Interpreting results based on sampling

Nov 9, 2009 at 5:11 AM

Hi Clint,

I'm a new PAL user (new Perfmon user too for that matter), and trying to get an understanding of the time interval.

For example, I used the standard MOSS template, which has perfmon test every 15 seconds.

I ran the test for 2 hours.  The Analysis Interval in the report is 3 minutes.

 

I'm seeing alerts for the disk drive, for example:


Physical Disk Read Latency Analysis (Alerts: 12)
Physical Disk Write Latency Analysis (Alerts: 28)
Process IO Data Operations/sec (Alerts: 1)
Process IO Other Operations/sec (Alerts: 15)

 

In the detailed part of the report it shows these are alerts of:

Disk responsiveness is very slow (spike of more than 25ms)

Average disk responsiveness is very slow - more than 25ms

 

Since this is a sampling, I guess I'm wondering how to multiply this out to get a ROUGH IDEA of how many times in 2 hours these alerts really occurred.

 

The "average" read and write measurements aren't bad (0.004 / 0.006):

 

PhysicalDisk(_Total)\Avg. Disk sec/Read 0 0.004 0.737
PhysicalDisk(0 C: D:)\Avg. Disk sec/Write 0 0.006 0.432

 

Any advice on interpreting the above,  and taking into account the sampling for both the perform logging and the report analysis interval would be appreciated.

 

Thanks

 

Nov 9, 2009 at 6:08 PM

Clint will probably have a better answer for you then me, but this is what I do.  I use PAL to take a look at my perfmon logs to see a good overview of what is going on.  If there is something that I want to look at further I will load the log file into perfmon and only look at those counters I am interested in.  If you need a step by step on how to do this let me know and I will try to post some instructions. 

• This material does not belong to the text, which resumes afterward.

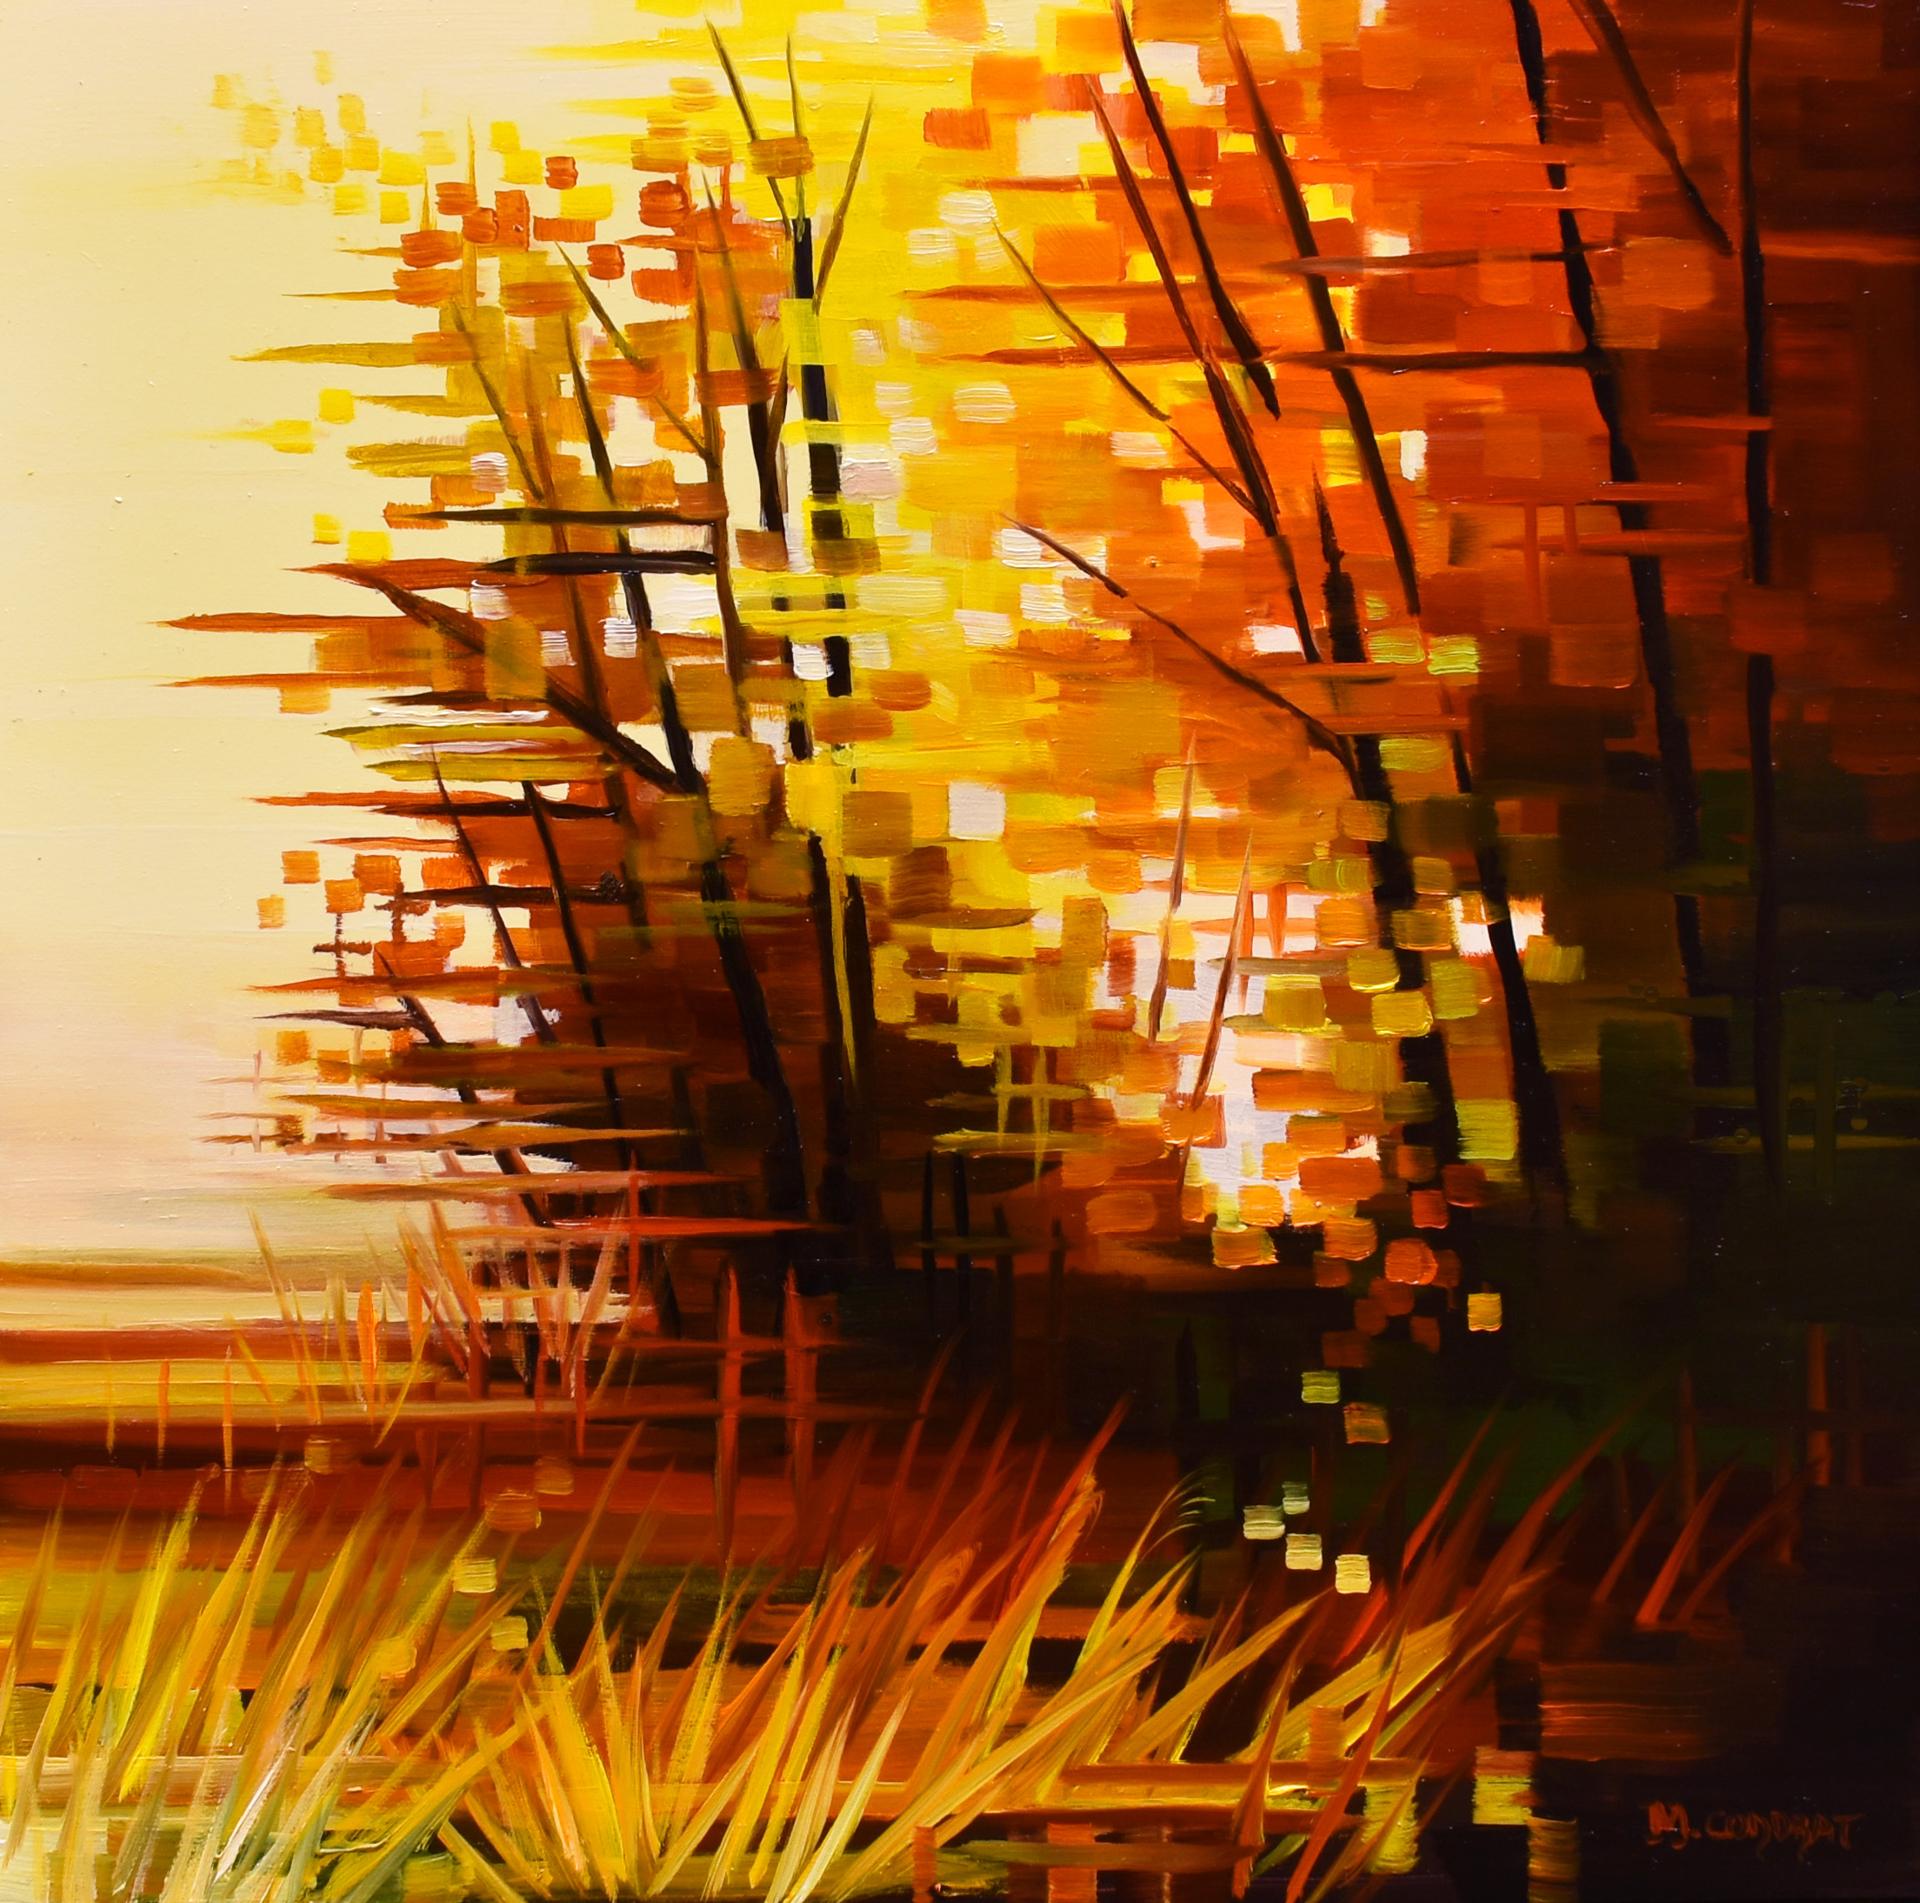 Autumn's Color Spectacular by Michelle Condrat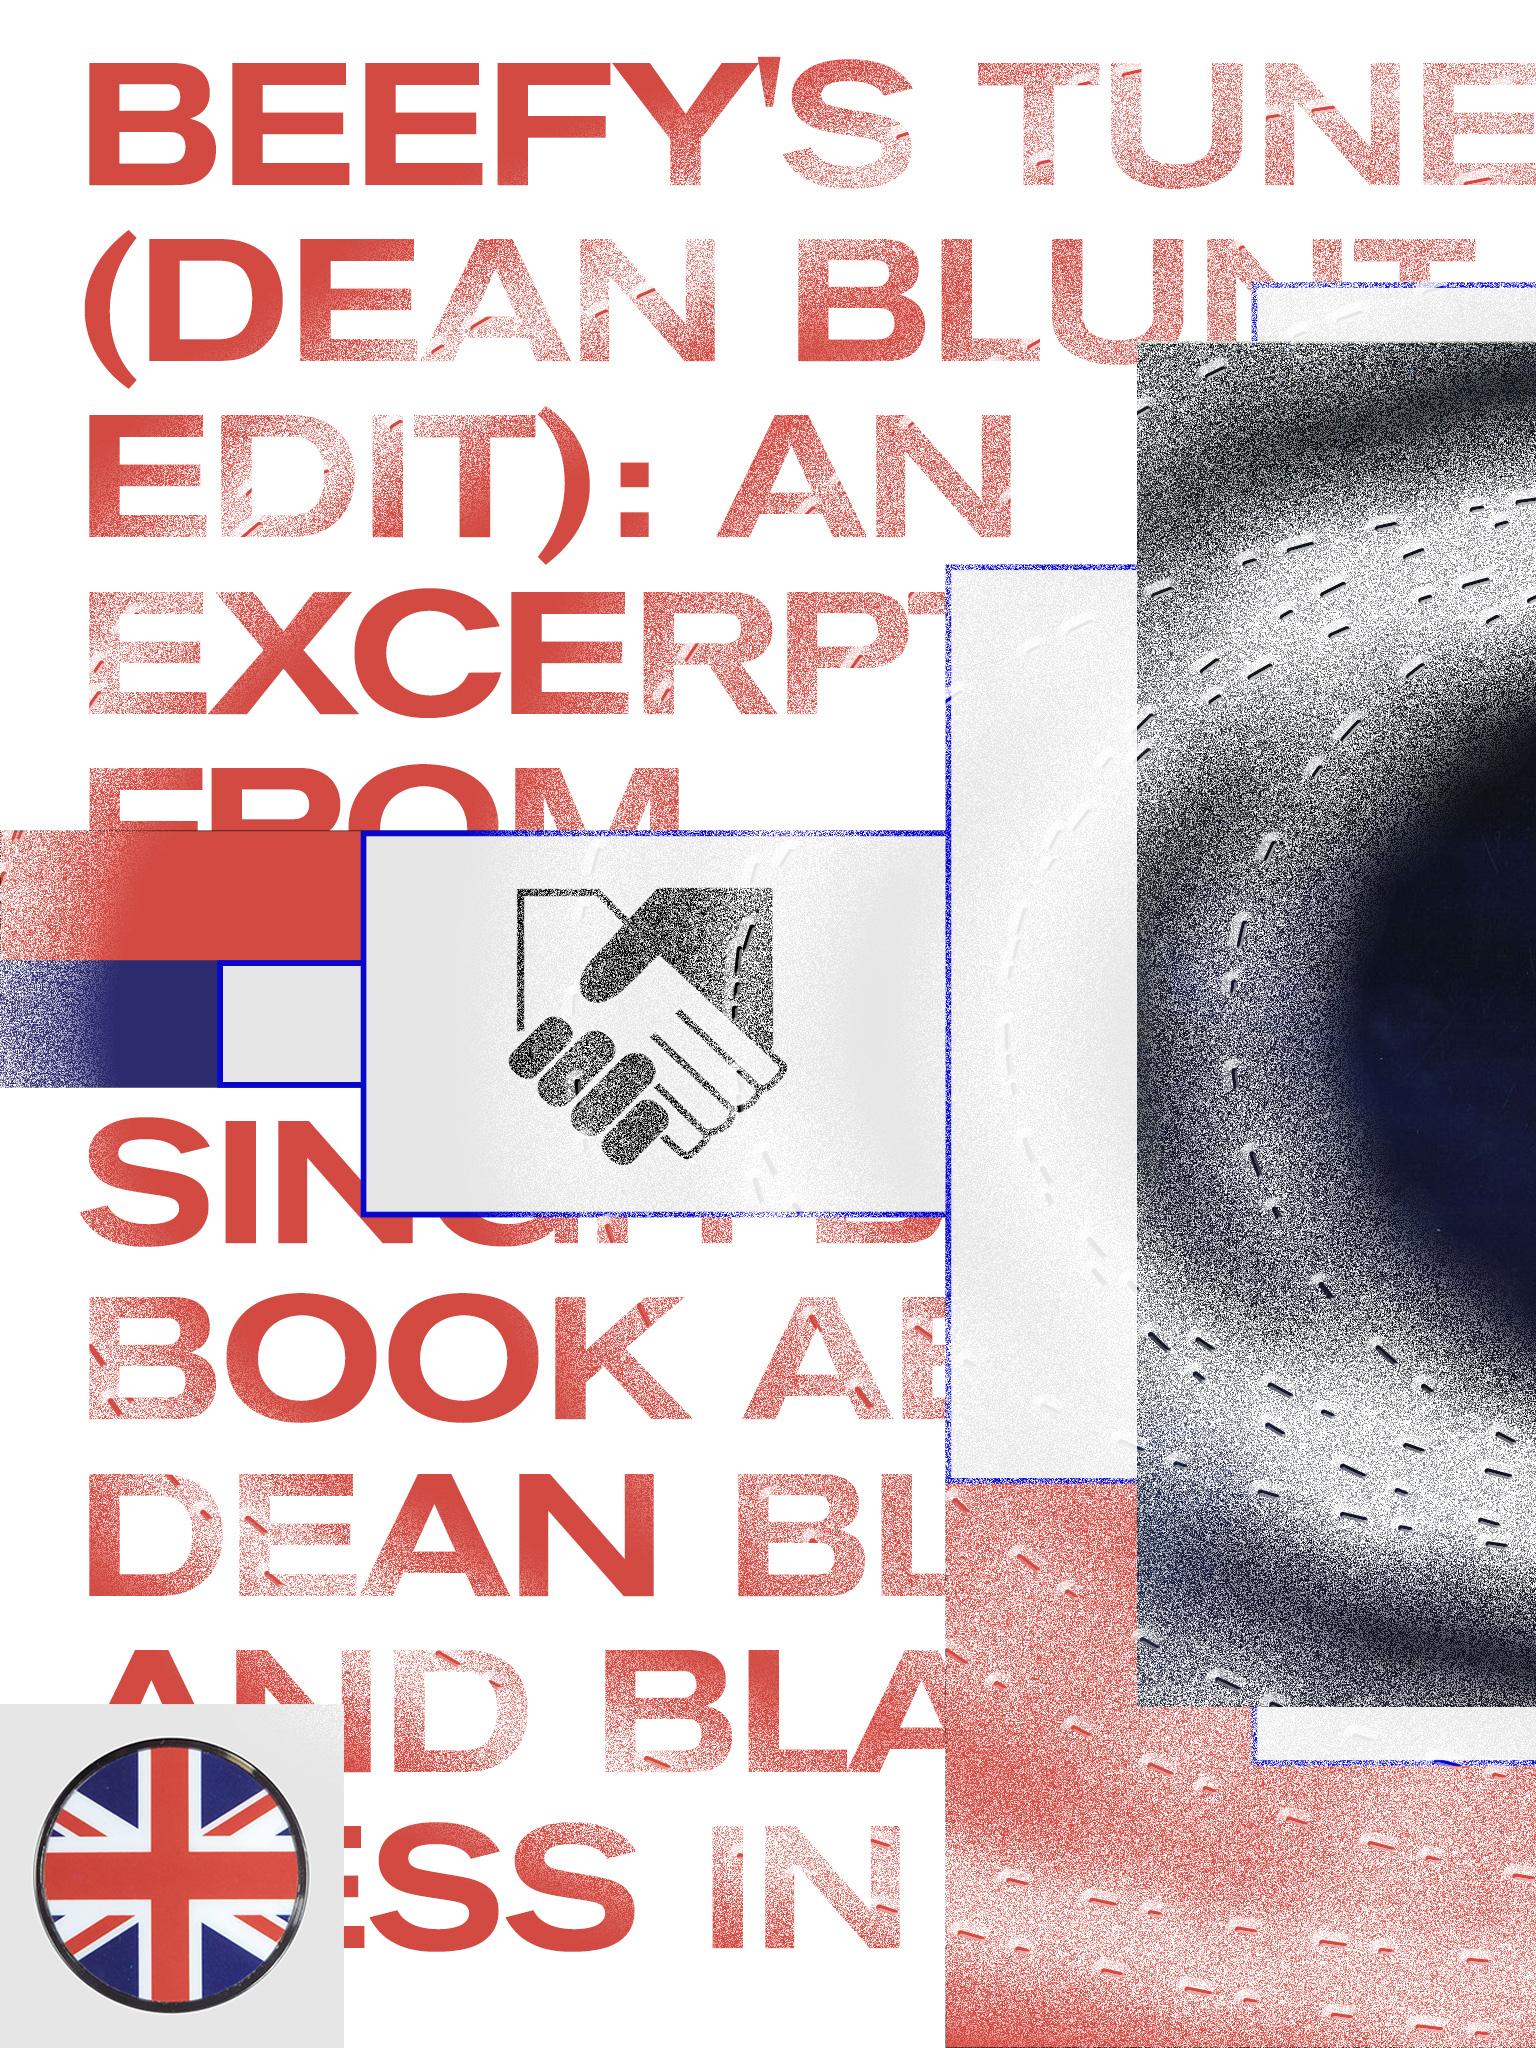 Beefy's Tune (Dean Blunt Edit): An Excerpt From Dhanveer Singh Brar's Book About Dean Blunt And Blackness In Britain

Now I will be interested to see what Clint has to say on the subject. :-)

Coordinator
Nov 10, 2009 at 5:13 AM

The collection interval is the time interval that the values in the counter log was collected. In your case, 15 seconds.

The analysis interval is the time slice that PAL is using. If you choose AUTO, then PAL will slice up the log into 30 time slices. For example, if you have a 30 hour log, then PAL will slice it into 1 hour time slices. If you have a 30 minute log, then PAL will slice it into 1 minute time slices. The reason it does this is to produce an "average" of a given amount of time.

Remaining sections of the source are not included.